I had not dared address myself to Molly in the other camp, but evidently all communication between the lines was not to be broken off. The wind must have carried my words to her ear, for she bent forward, leaning her arm on the back of our seat.
“Did you say you were miserable last night?” she inquired with flattering eagerness.
“Yes. Awfully miserable.”
“Poor Lord Lane! I haven’t understood yet exactly why you suddenly gave up your walking tour, and got the idea of going on by rail. I thought from your letters you were having such a good time, that we could hardly bribe you to desert—your party and come with us, even at Grenoble.”
“My party deserted me, and that was the end of my ‘good time,’” I replied, charmed with Molly’s conception of the role of a “quiet kitten” whose existence was to be forgotten. As if any man could ever forget hers!
“What, your nice Joseph and his Finois?” she inquired.
“When I speak of ‘my party’ I refer particularly to the boy I wrote you about,” I returned, far from averse to being drawn out on the subject of my troubles, though I had resolved, were I not intimately questioned, to let them prey upon my damask cheek.

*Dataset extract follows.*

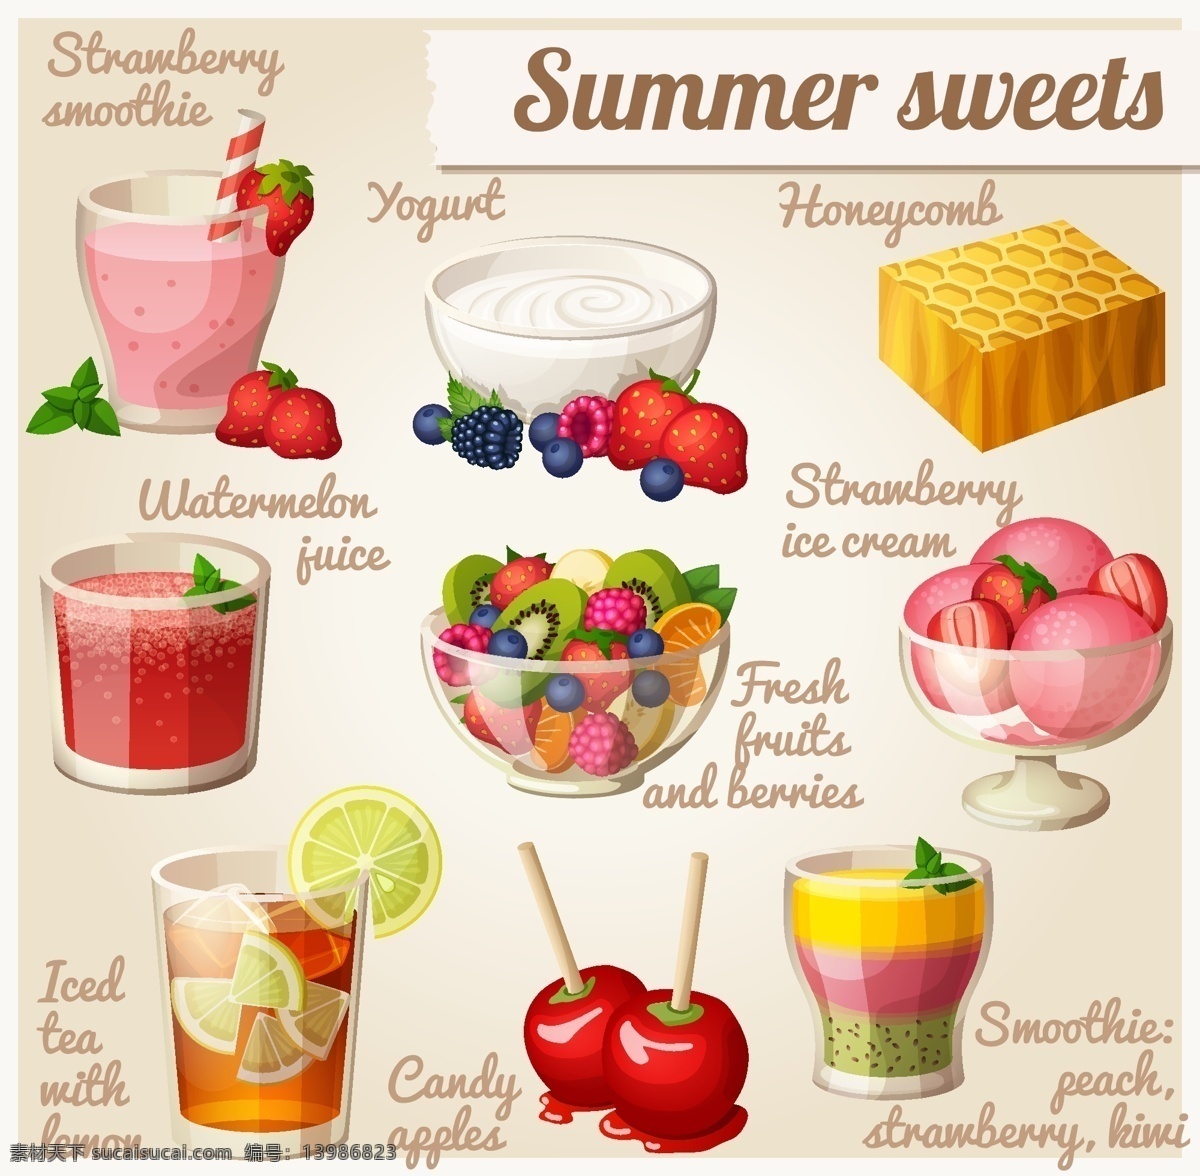 美味 夏日 甜点 蜂窝 矢量图 水果拼盘 酸奶 草莓冰沙 西瓜汁 草莓冰淇淋 柠檬冰茶 冰糖苹果 三色冰沙水果 其他矢量图

“Oh, yes, that wonderful American boy. Did he keep right on being wonderful all the time, or did he turn out disappointing in the end?”
“Disappointing!” I echoed. “No; rather the other way round. He was always surprising me with new qualities. I never saw anyone like him.”
“Ah, perhaps that’s because you never knew other American boys. I dare say if I’d met him I shouldn’t have found him so remarkable.”
“Yes, you would,” I protested. “There could be no two opinions about it.”
“Is he good-looking?”
“Extraordinarily. Such eyes as his are wasted on a boy—or would be on any other boy. If he’d been a girl, he would have been one for a man to fall head over ears in love with.”
“You’re enthusiastic! Hasn’t he got any sisters?”
“He has one, who is supposed to be like him. I was promised—or partly promised—to meet her in Monte Carlo, at the end of our journey, where the Boy expected her to join him.”
“Oh, has he been called away by her?”
“I don’t think so.”
“I fancied that might have been why he left you.”
“I don’t know what his reason was, but I have faith enough in the little chap to be sure it was a good one.”
“Sure you didn’t bore each other?”
“If you had ever seen that boy, you’d know that the word ‘bore’ would perish in his presence like a microbe in hot water. As for me—I don’t believe I bored him. He did say once that we would part when we came to the ‘turnstile,’ meaning the point of mutual boredom, but I can’t believe the turnstile was in his sight. I think that his resolution to go was sudden and unexpected.”
“He must have been an interesting boy, and you ought to be grateful to Fate for sending him your way because apparently he gave you no time for brooding on the past.”